Friday, March 30, 2012

Integration, Not Ideology

The French civic model will survive the recent terror
BY GUY SORMAN
Following a radical Islamist’s cold-blooded murder of seven French citizens—four Jews, two Muslims, and one African—in the Southern cities of Toulouse and Montauban, one could deduce that homegrown Islamic terrorism has become a major threat in Europe, and that racism and anti-Semitism remain pervasive in France. After all, the perpetrator was a French citizen of Arab origin. This may describe the facts, but it doesn’t help us understand them.
The massacres occurred in the midst of a French presidential campaign, and the candidates wasted little time in trying to link them to their own agendas. On the far right, Marine Le Pen argued for a halt to all new immigration and expulsion of all immigrants who have committed crimes, as well as revoking French citizenship for those naturalized immigrants with criminal records.
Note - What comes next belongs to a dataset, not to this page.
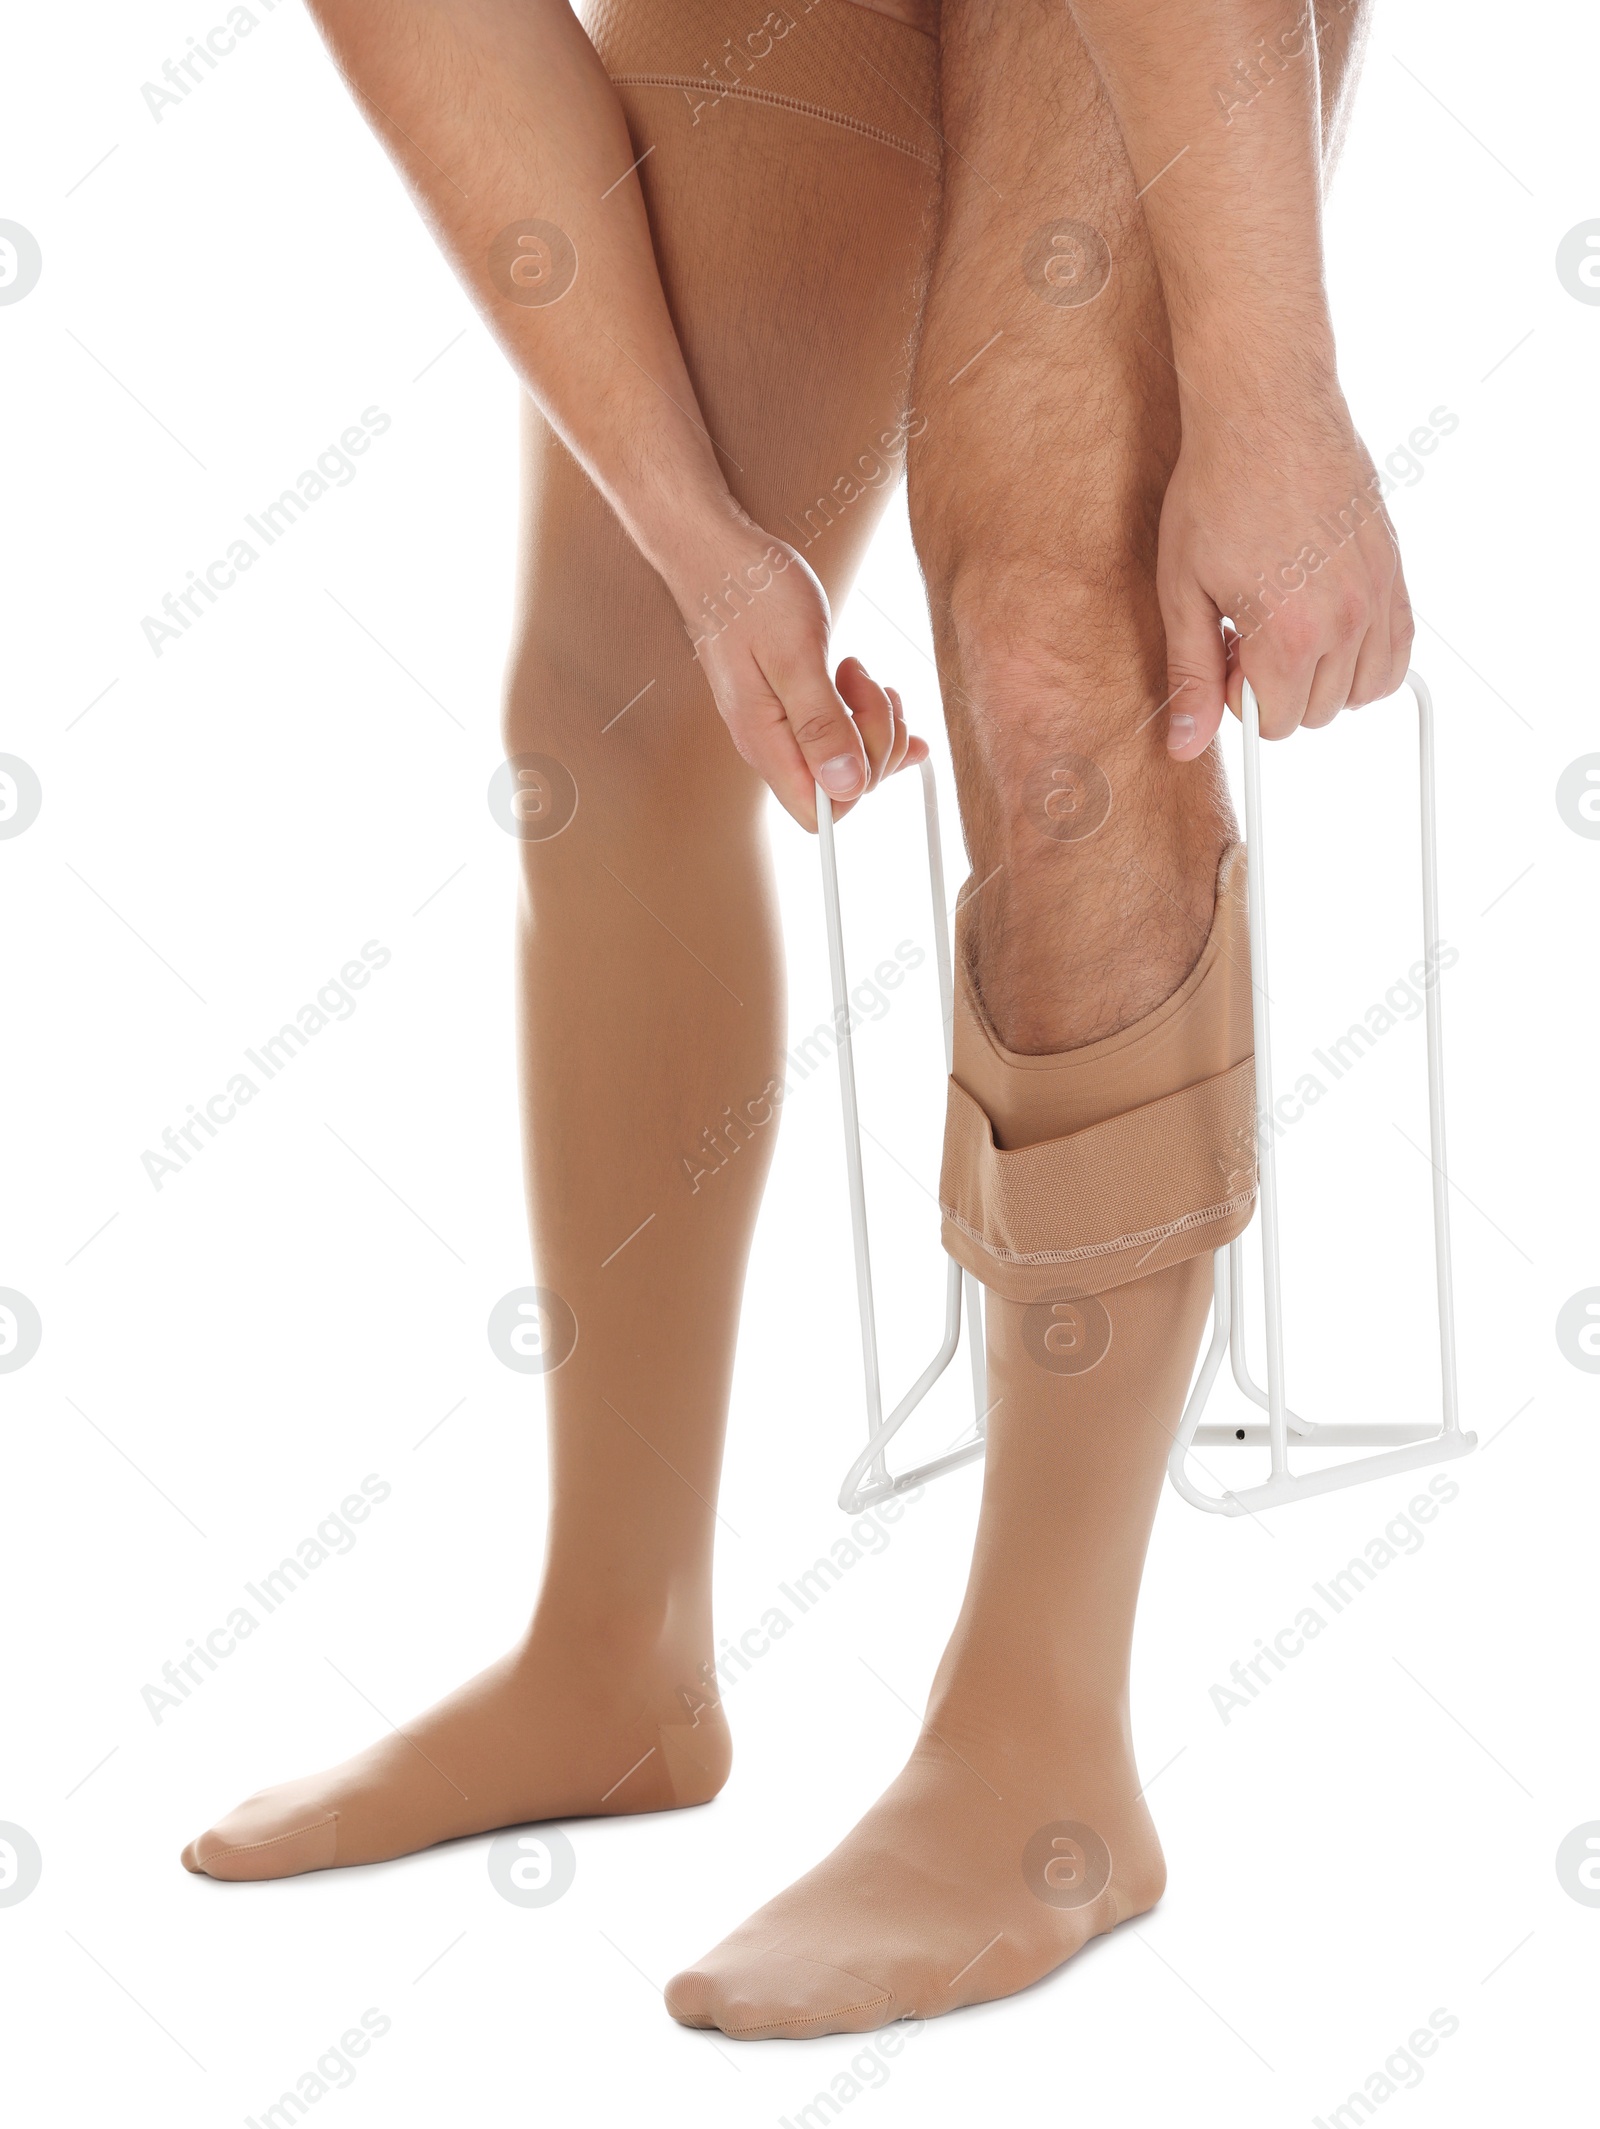 Photo of Man putting on compression garment with stocking donner against white background, closeup

On the left, candidates charged that the incumbent president, Nicolas Sarkozy, was responsible for fostering racial hatred—an absurd accusation against the first French head of state to appoint French citizens of Arab and African descent to major ministerial positions. As for Sarkozy himself, he touted his strong commitment to security, but he couldn’t explain how the killer was able to commit his crimes even as police were well aware of the threat he posed.

Clearly, then, the tragedy escapes party politics. It also has a meaning that goes beyond Islamism or anti-Semitism. The killing is a reminder of the perverting effect of ideology on feeble minds. Radical ideologies have always attracted people in search of simple explanations for a complex world. As Karl Popper observed, ideology is a substitute for thinking: it provides a key to open all doors. Simple minds are attracted by ideology, and those disposed to violence use ideology to justify their deeds.
In his final negotiation with police forces, the killer, Mohammed Merah, explained that he was fighting for a higher cause: to avenge Afghans for the French military intervention (with NATO forces) in Afghanistan, and to avenge Palestinians for the French support of Israel. Equipped with a simple ideology, the killer could persuade himself that he was right when most others were wrong. Islamic radicalism functions little differently than any other ideology. Bolshevism, Maoism, the French Terror of 1793—these and many other ideologies provided simple explanations for how the world should work. They also legitimized brute force. Islamist radicalism belongs to this long history much more than it does to the history of the Muslim faith. The circumstances and the discourse may change, but the impulse for all ideologies remains eternal.
Nor can the Toulouse and Montauban killings be explained by citing a rise of racism and anti-Semitism in France. The French are no more racist than any other Western society, and anti-Semitism is less pervasive than it was a generation ago. When I was growing up in France in the 1950s, anti-Semitism was considered normal. It has now become unacceptable and quite rare. As the killer himself declared, he was attacking France as such. He selected his victims based on their culture, ethnicity, and religion in order to purify French society.
What struck me as new in the killings’ aftermath was the reaction of French society. Following the government’s suggestion, teachers in all French schools dedicated half a day to discussing what happened and what it meant. A rare consensus emerged in our usually divisive nation to condemn not Muslims or immigrants, but racism. French children of various origins looked at one another more deeply, discovered their differences, and perhaps concluded that any one of them could have become a victim. It may be not the killings, but the debate that followed the killings, that becomes a defining moment for these young students.
France is not so Gallic anymore, but it remains strongly republican. All the presidential candidates (including the National Front’s) agree that the “integration” policy for new immigrants in the secular French Republic—in which cultural diversity is a private matter and only individuals, not communities, have rights—should be maintained and reinforced. The opposite of the British or Dutch communitarian model, which gives rights to self-identified communities, the French policy is widely embraced by citizens and immigrants. The Toulouse and Montauban tragedy will likely lead to greater integration, not less—exactly what radical Islamists don’t want.